Os resultados eleitorais inconclusivos na Turquia deixaram o país num impasse político. Para resolvê-lo, o primeiro-ministro, Ahmet Davutoglu, diz agora estar disposto a entendimentos com outras forças partidárias, apesar de avisar que as coligações não têm tido finais felizes na história do país.
 

“Temos usado as eras de coligação das décadas de 1970 e 1990 como exemplo de que as coligações não servem para Turquia e continuamos a defender isso”, disse Davutoglu numa reunião com responsáveis locais do Partido da Justiça e Desenvolvimento (AKP). 


Mas sem os votos necessários para continuar no poder sozinho, o AKP não tem grandes alternativas e o primeiro-ministro admite, por isso, estar “aberto a qualquer cenário”. 

“No entanto, no cenário político atual, o único partido que pode apresentar soluções realistas é o AKP”, defendeu.

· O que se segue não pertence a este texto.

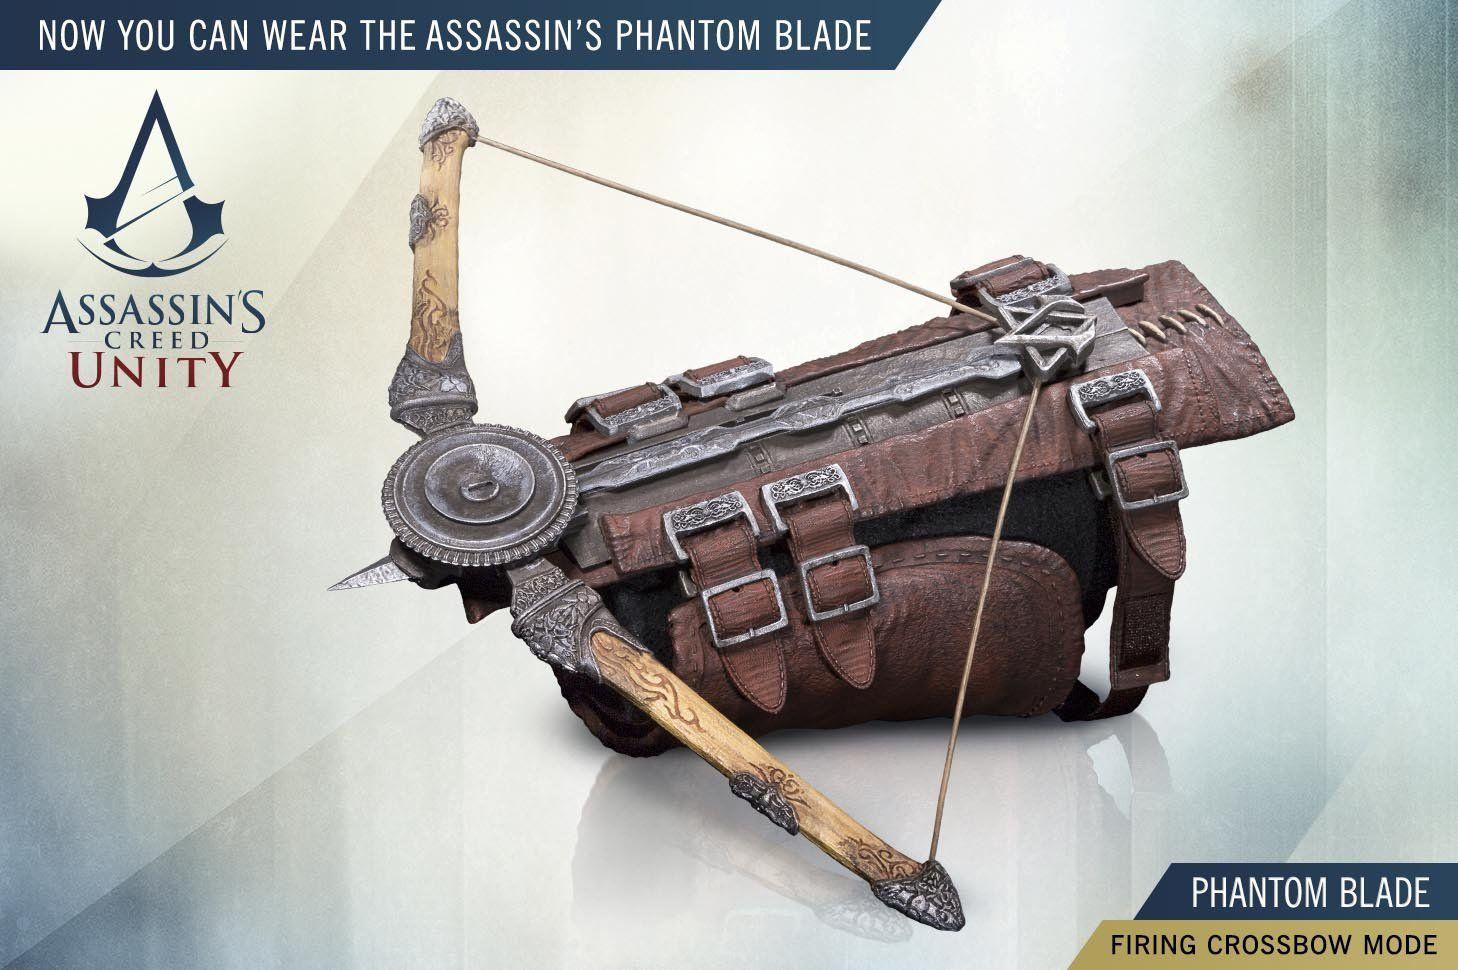 Amazon.com  Ubisoft Assassin s Creed Unity Phantom Blade  Toys   Games 4f1f0745b2fe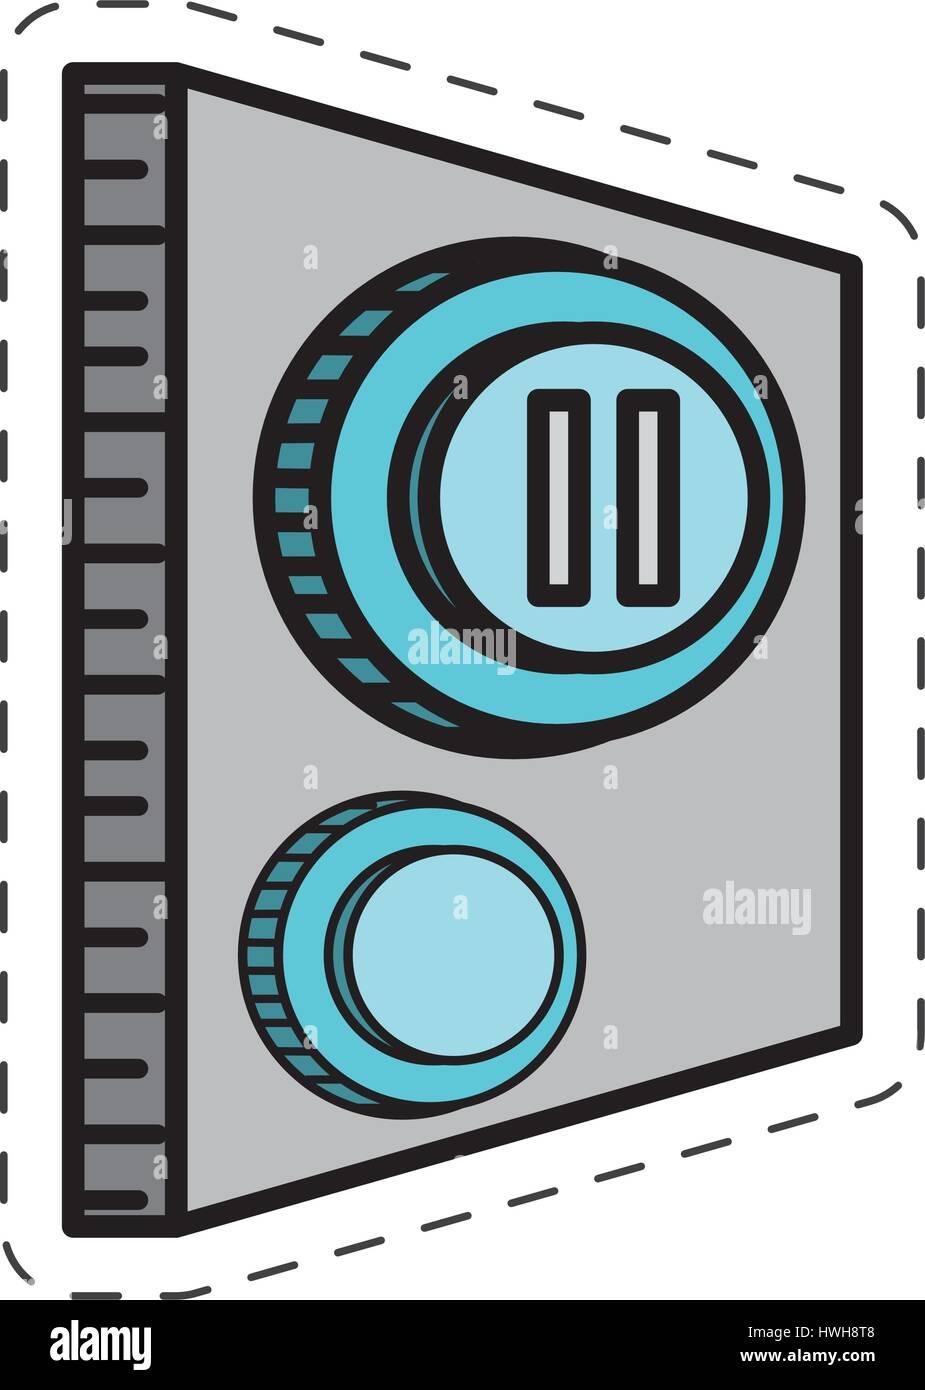 cartoon button pause control image - Stock Image

Esta visão não é partilhada por todas as formações, especialmente pelos pró-curdos do HDP, que conseguiram pela primeira vez ultrapassar a barreira dos dez por cento de votos necessários para garantir um lugar no parlamento. O partido também está aberto a todas as opções para formar uma coligação de governo na Turquia, menos aliar-se ao partido ainda no poder.

Além de terminarem sem que AKP conseguisse um resultado que lhe permitisse formar governo sozinho, as eleições fizeram também cair por terra o objetivo do partido alcançar dois terços dos lugares no parlamento, necessários para alterar a constituição e dar mais poderes ao presidente. 

Esta última meta era um desígnio do ex-primeiro-ministro e agora chefe de Estado, Recep Tayyip Erdogan, que depois de ter esgotado o limite de três mandatos à frente do governo pretendia transformar a Turquia num regime presidencialista.

Para o HDP essa é uma aspiração inaceitável e defendeu que Erdogan se deve sujeitar aos limites constitucionais, que ditam a neutralidade política do chefe de Estado. Um recado a um presidente que foi uma das presenças mais assíduas publicamente durante a campanha.

Na lista de prioridades do HDP está também o problema curdo. Selahattin Demirtas, um dos líderes partidários, defendeu que o processo de paz deve ser acelerado e que o líder do Partido dos Trabalhadores do Curdistão (PKK), Abdullah Ocalan, que se encontra preso, está disposto a fazer um apelo ao desarmamento.